Puis vient son tour de chant, elle se déploie sans doute, partant de la raison, décollant du sol, de la table où trône les volumes de cette fameuse thèse, de ce replis derrière les barriquades, aucun signe jusqu'alors n'était allé vers l'étudiante. Elle regarde enfin la coupable entamant dans le même temps quelques gammes d'orateurs, des phrases de grimoires de lignées professorales, de vieilles femmes. Elle élève la voix vers un point inaudible, bien au-dessus de la mêlée, sordide, noire, qu'elle estime probablement aveugle. Elle "réfute", "critique", "reproche", "note", "remarque", "reprend", autant de verbes performatifs qui puisent dans l'autorité le miroir de Narcisse. "Des manques et des absences figurent dans ce travail" et son orgueil de tragédienne est touché: ses écrits n'apparaissent pas dans la bibliographie... Le travail et le temps apparaissent sans mesure, en-deça des sphères insondables du savoir. Mais qui sont ces juges et quel est ce jeu, le sens étrange de ce rituel?

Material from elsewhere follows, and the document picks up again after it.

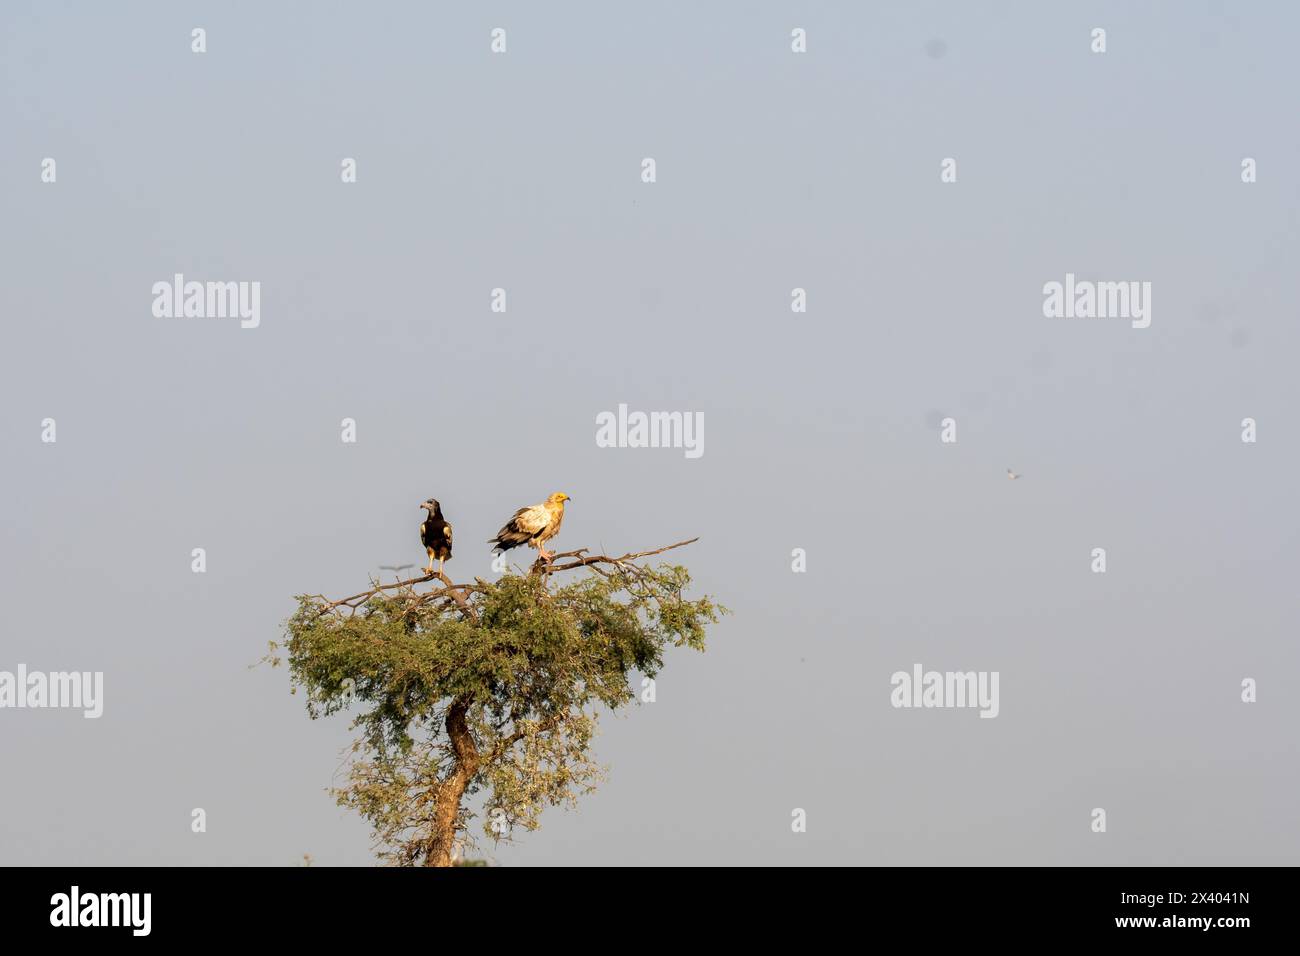 Des vautours égyptiens perchés sur un arbre à l'intérieur de la réserve de conservation de Jorbeer à la périphérie de Bikaner, Rajasthan, lors d'un safari animalier Banque D'Images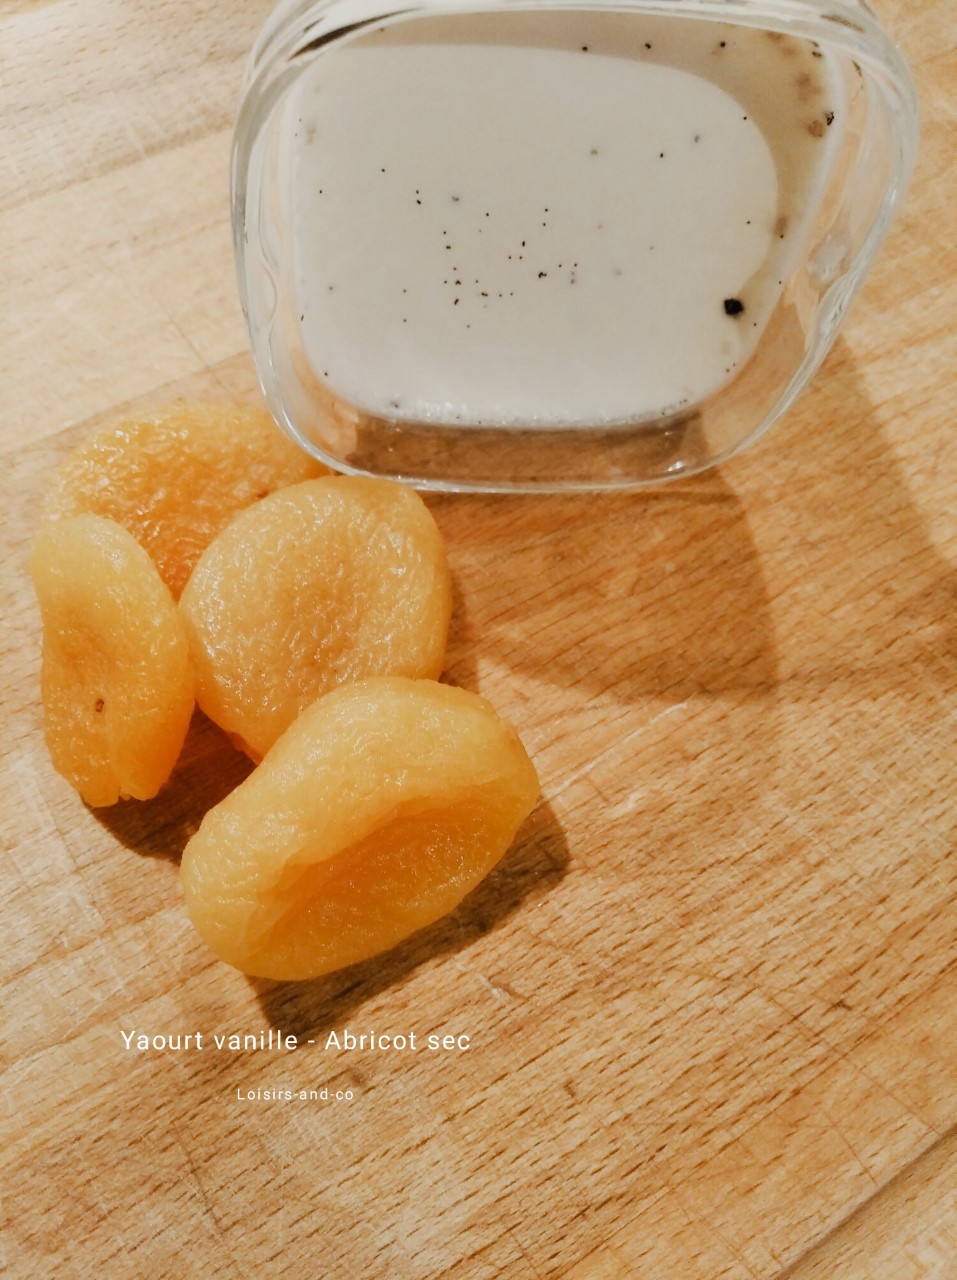 Yaourt vanille - Abricot sec

Il semble que le jury naisse ainsi, dans un rapport de domination, face à ses semblables et devant l'élève ou le novice à travers la pertinence de ses remarques et le nombre de ses critiques. La voix prend ainsi son envol et la jouissance de l'être supérieur, jeté tel un phoenix, à ce ton croissant dans l'espace, dans la vibrante mesure du savoir et de la prophétie, selon l'altitude vertigineuse de l'inventaire et l'assurance grave de ce corps tourné vers la foule avec l'approbation, le regard tendre et complice des autres sexagénaires.